These are the only words that I, an Australian national proudly integrated in 
Taiwanese society, can find to describe the letter by Zhu Zhiqun (Letters, Dec. 
2, page 8).  His letter is an unforgivable insult to all peace-loving Taiwanese, and 
betrays a racist sense of superiority towards Taiwan that is deeply ingrained in 
the psyche of the average Chinese chauvinist. Mind you, in the bygone days of 
the British Empire, the British colonialists shamelessly displayed exactly the 
same haughty attitude towards Ireland, the US, Australia and all the other 
British colonies.  First of all, if Zhu does not live, work and pay taxes in Taiwan, then it 
is not his place to comment on how the Taiwanese government should spend its 
taxpayers' money.  Second, the Taiwanese economy is in much better shape than the Chinese 
economy -- at least the Taiwanese government does not cook the books and does 
not doctor official statistics in order to produce fictitious figures of 
"stunning" economic growth.  Third, Taiwan is already an independent nation, simply with the wrong name, 
flag, national anthem and Constitution. On this issue Zhu is accidentally right 
that the Taiwanese don't need to build a new nation.  Fourth, Taiwan has every right to acquire the best possible weapons to 
defend itself from the Chinese imperialists and colonialists, whether Zhu and 
his fellow Chinese imperialists and colonialists like it or not.  Fifth, he states that "China will do anything to prevent the birth of 
a new Taiwanese nation." So what? For his information, the Taiwanese harbor 
no more desire to meet Chinese aggression without a fight than the Irish, who 
hardly could forget centuries of heroic struggle against their former colonial 
masters.  Make no mistake, I and many of my fellow Taiwanese have vowed that in case 
of Chinese attack we will not leave Taiwan, and if at that time we are overseas, 
we will return to Taiwan to fight.  Got the message, Zhu?  Sixth, he suggests that building bridges with China is the only way for 
Taiwan to defend itself. Has he already forgotten that it is China that has 
decided to burn these bridges and unilaterally cease all forms of cross-strait 
dialogue?  Seventh, if Zhu is so concerned about cross-strait peace, why doesn't he 
protest against China's increasingly belligerent and hegemonistic behavior?  Sorry, Zhiqun, but your letter sounds like mafia-style blackmail that no 
self-respecting Taiwanese can stomach.  Brian Vranjac  Kaohsiung  Zhu Zhiqun's comments must be taken with a grain of salt, given their 
source. Zhu, an Asian relations "pundit" originally from Shanghai, has 
offered Beijing-oriented observations before in his various articles and 
commentaries.

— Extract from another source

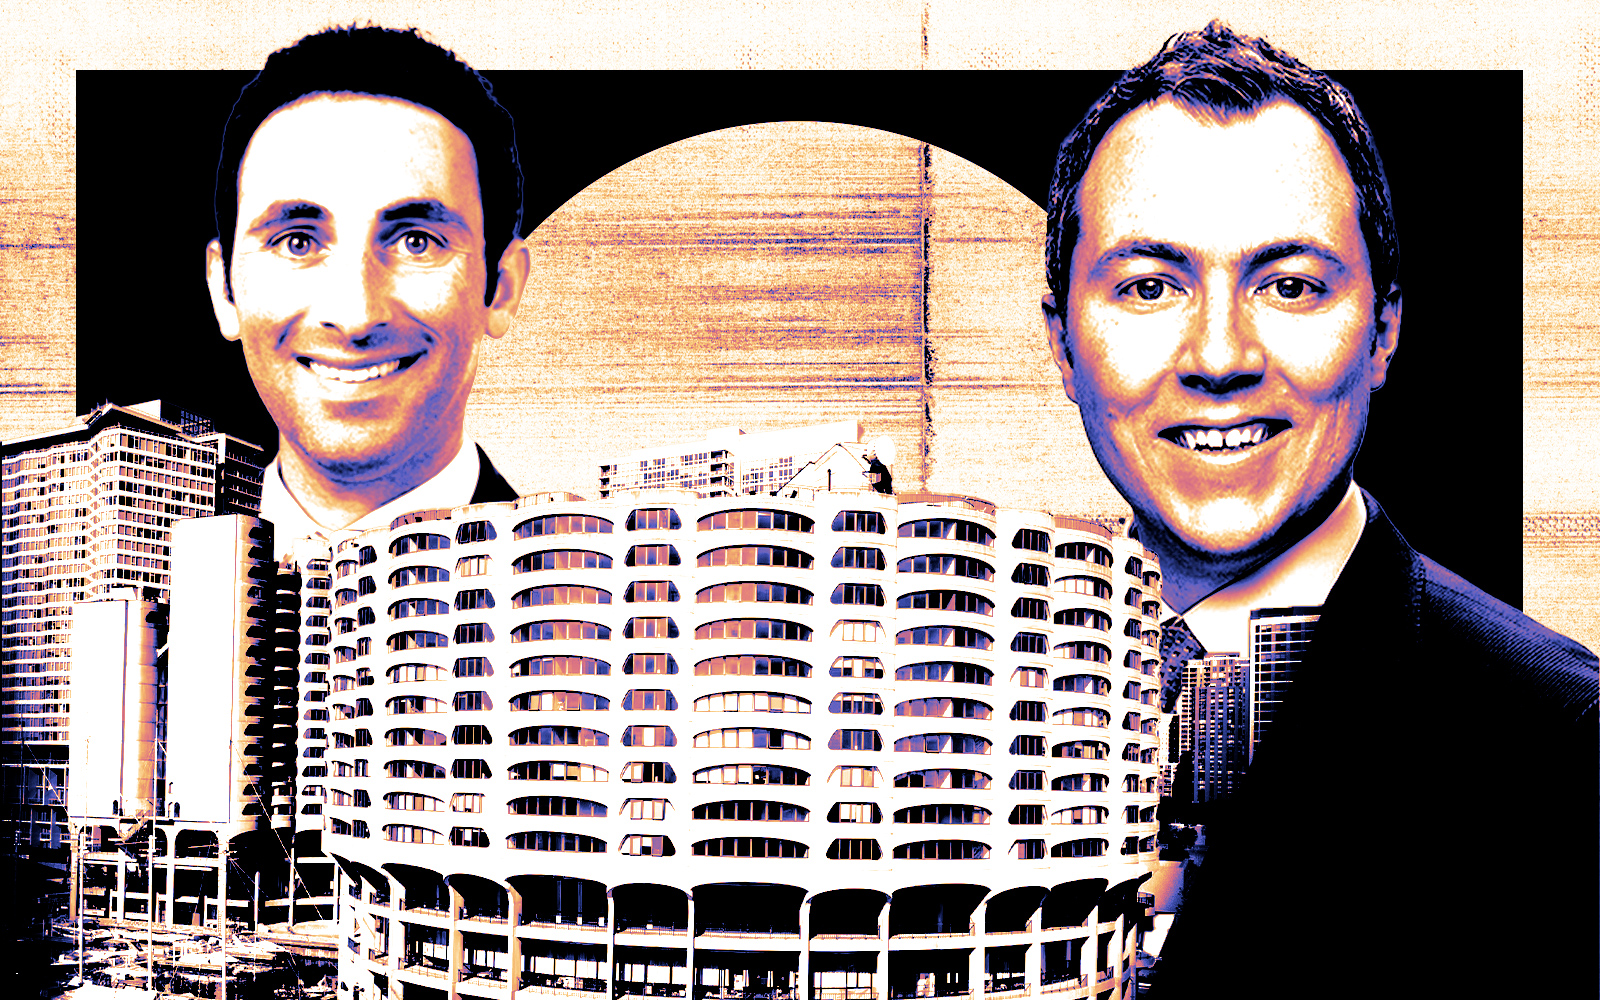 Marc, SPNA try cashing out of condo deconversion plays

I read the Dec. 2 comments, and knew at once these were the 
offerings of a Beijing apologist (as were the comments Zhu offered in a letter 
dated Oct. 18, which accused Taiwan of inflexibility on cross-strait issues).  It takes political gymnastics to come up with the concept that China is not 
the enemy of Taiwan.  Zhu has criticized John Tkacik's call for a stronger defense for Taiwan as 
"ill-advised, if not totally irresponsible."  I submit that offering such advice as "China is not the enemy" is 
probably a lot more "ill-advised," and is definitely "totally 
irresponsible." In fact, the advice strikes me as similar to a fox asking 
the chickens to gather in the henhouse for a group hug.  I quite agree that it takes "two to tango" in any peace 
negotiations.  But the problem currently is that China apparently has many sycophantic 
pick-pockets (like France) believing that anything Taiwan does anytime, anywhere 
to more clearly identify itself is "provocation" worthy of invasion, 
and that none of the destructive and morally repugnant actions taken by Beijing 
every single day -- like forcing an international gathering of hairstylists to 
call Taiwan "Chinese Taipei," lest China withdraw -- are 
"provocative" or violations of the Taiwanese people's basic human 
rights.  Apparently, Zhu's point is that instead of buying weapons, Taiwan should be 
"building bridges" with Beijing, and that when China becomes a more 
democratic and prosperous nation, Taiwan could benefit from its close 
association with China. It's a nice fantasy, but the "instead" part is 
naive and dangerous advice.  I agree that Taiwan should pursue whatever avenues of peace are available.  But I also strongly believe that Taiwan having the ability to defend itself 
(through alliances and weapons procurement) is the only thing that will keep 
China at bay and assure national survival.  There are few examples in history over the past 2,000 years in which making 
nice with or appeasing the beast has produced true freedom (as opposed to, at 
best, benign domination).  To the contrary, the equally ferocious, the poisonous pills and the 
well-defended porcupines have remained free.  Zhu surely must know that the moment Taiwan drops its guard, Beijing will 
overrun the country, and the likelihood that anything "Taiwanese" 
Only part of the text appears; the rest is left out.